Pellegrini A, Zanotto L, Dal Pos F, Dossi R C, Testa G
Clinica Neurologica, Università, Padova.
Riv Neurol. 1989 Sep-Oct;59(5):167-71.
Ambulatory EEGs (EEGAs) were recorded in 251 patients. In 91 of these patients there was a suspicion of having epileptic seizures, in 117 a diagnosis of epilepsy was already established, in 43 the withdrawal of antiepileptic drugs was envisaged being apparently free from seizures for years. The EEGA showed epileptogenic abnormalities in 31% of patients of the first group. This percentage was not far from the one obtained with standard EEG (EEGS) recordings. In the second group, a divergence was found, as for the classification of seizures, between the ictal events actually recorded on the EEGA and the definition of seizures based on clinical information. Furthermore ictal events recorded by the EEGA were less frequent than one would have anticipated according to the seizure frequency asserted by the patients. In the third group the EEGA disclosed the persistence of epileptic seizures, mostly represented by diffuse spike and wave discharges, in about 30% of the patients. Finally, comparison of the results obtained by the EEGA with those obtained by the EEGS in all patients suggested that the two recording techniques are complementary.

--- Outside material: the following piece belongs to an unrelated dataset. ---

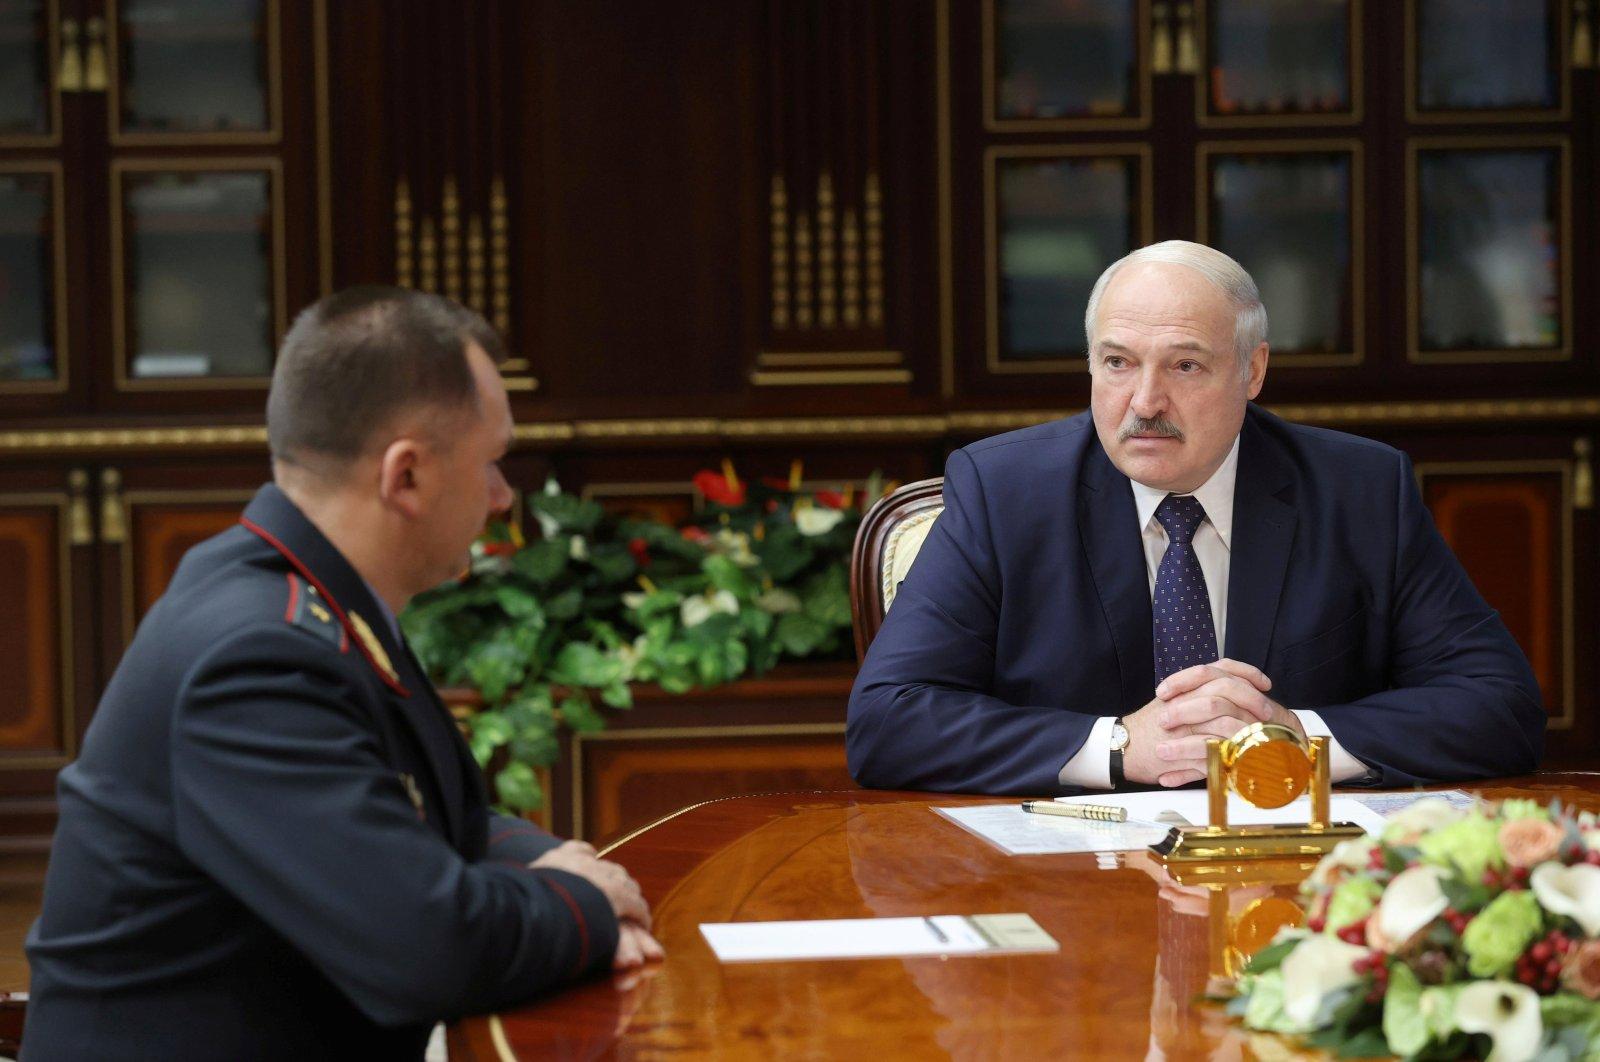 Belarusian President Alexander Lukashenko meets with newly-appointed Interior Minister Ivan Kubrakov in Minsk, Belarus, Oct. 29, 2020. (Reuters Photo)

对251例患者进行了动态脑电图(EEGA)记录。其中91例患者疑似患有癫痫发作,117例已确诊为癫痫,43例预计停用抗癫痫药物,这些患者显然已多年未发作。在第一组患者中,EEGA显示31%的患者存在致痫性异常。该百分比与标准脑电图(EEGS)记录所得的百分比相差不大。在第二组中,发现对于癫痫发作的分类,EEGA实际记录的发作事件与基于临床信息的癫痫发作定义之间存在差异。此外,EEGA记录的发作事件比根据患者声称的发作频率预期的要少。在第三组中,EEGA显示约30%的患者存在癫痫发作持续存在,主要表现为弥漫性棘波和慢波放电。最后,对所有患者EEGA与EEGS所得结果的比较表明,这两种记录技术具有互补性。